Мы вернулись каждый к себе домой, и оказалось, что быть порознь нам невыносимо. Что-то изменилось. Мы перестали быть двумя молодыми людьми, связанными страстью, между нами образовалась связь такой силы, которую ни один из нас толком не понимал. В безумии той ночи в пластиковом мешке мы стали единым целым. Не только друг с другом, но и с неукротимыми стихиями, которые чуть не забрали наши жизни. Единство просочилось в наши вены и навсегда предопределило наше будущее.

6. Гореть

Я много раз просила маму объяснить, за что именно они с папой так ненавидят Мота, но это было все равно что пытаться поймать лягушонка в ведре, полном головастиков. Каждый ответ намекал на настоящую причину, но ни один не прояснял ее целиком: «Волосы у него слишком длинные». «Джинсы рваные». «Он превратится в грязного вонючего старикашку». «Он ленивый». «Он не водит машину». Жалкие отговорки. Наконец я услышала нечто близкое к правде: «Он городской, он не такой, как мы». Вон он, ответ, но тоже не совсем, – головастик с лапками, но еще не отбросивший хвостик.

Я злилась и чувствовала себя преданной, но все равно оставалась с Мотом, несмотря на все аргументы родителей. В ту секунду, как он вошел в мою жизнь, он заполнил ее до краев; больше ни на кого места не осталось. Развязка наступила, когда мы с ним купили коттедж на краю деревни, крошечный домик с продолговатым садиком – счастью моему не было предела.

– Ты собираешься поселиться с мужчиной до свадьбы, какой кошмар, ты нас позоришь!
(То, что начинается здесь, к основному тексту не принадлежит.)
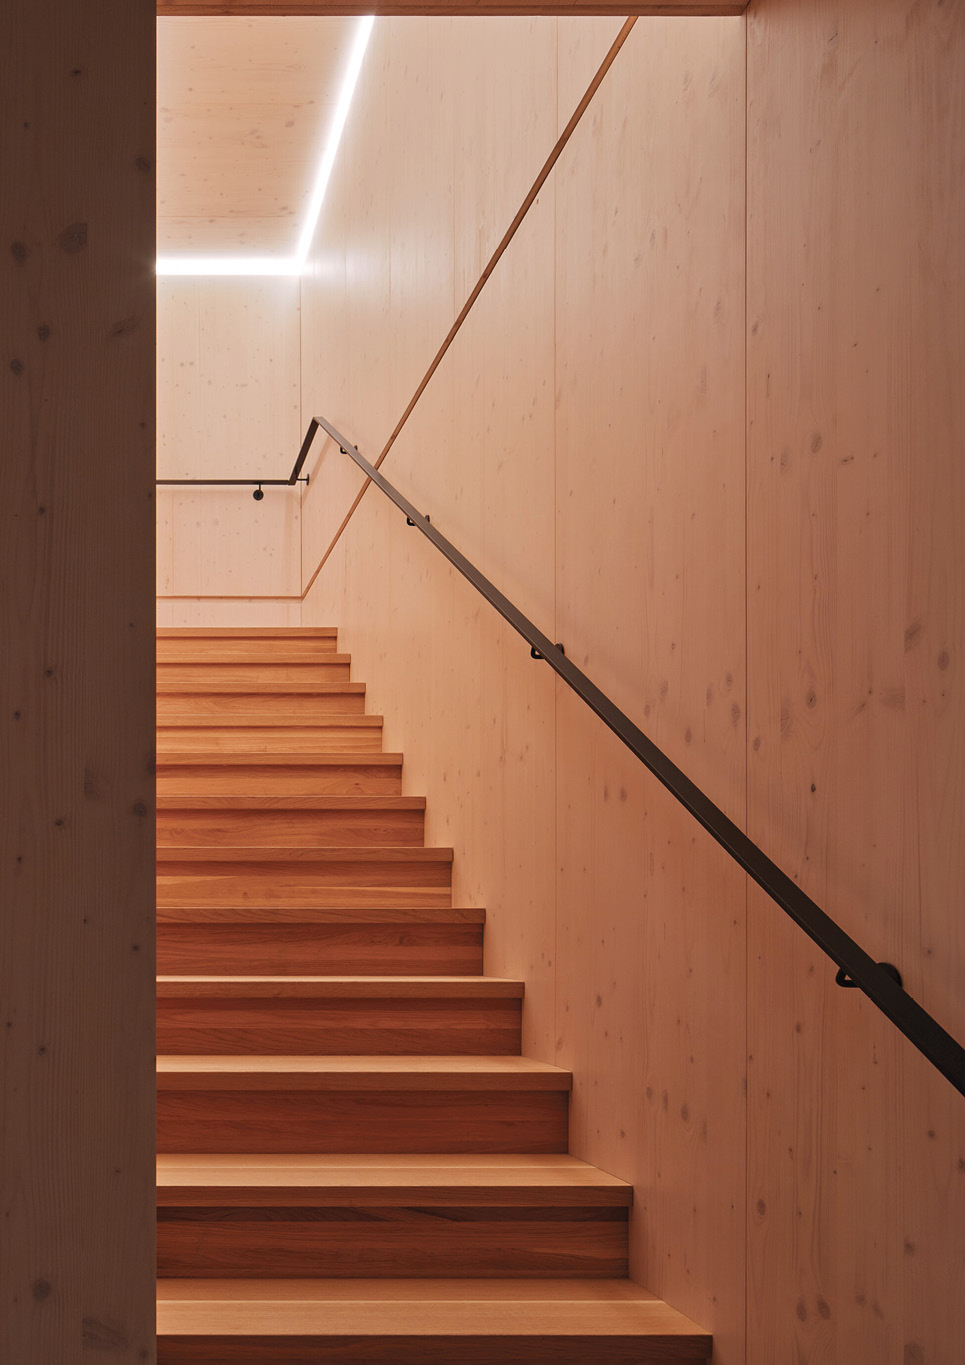 A wooden staircase inside Warm Nest, a Maggie care facility.

Мы занимались домом – сушили все, что отсырело, чинили сломанные окна, проводили водопровод и строили уборную, – но не въезжали в него. Я никак не могла решиться на последний шаг неповиновения родителям. Мне нужно было, чтобы они полюбили Мота так же, как любила его я; чтобы они поняли меня. Но процесс уже был запущен и шел своим чередом, и рано или поздно вулкану предстояло проснуться. Извержение произошло в одно идеальное семейное воскресенье над подносом сэндвичей с лососем и кексом «Королева Виктория».

– Мне за тебя стыдно. Ты же легко могла выйти замуж за любого фермера. Какой тебе от него прок? У него нет земли. Ты никогда не будешь счастлива без земли.

Вот оно. Квакающая, мокрая, скользкая лягушка моргала на ярком свету. Она уже никогда не сможет прыгнуть назад в ведерко недосказанности. Момент был слишком острый, чтобы я услышала, что пытаются донести до меня родители, да им и не хватало слов, чтобы как следует выразить свои мысли. Я услышала только одно: раз Мот не фермер, значит, он недостаточно хорош.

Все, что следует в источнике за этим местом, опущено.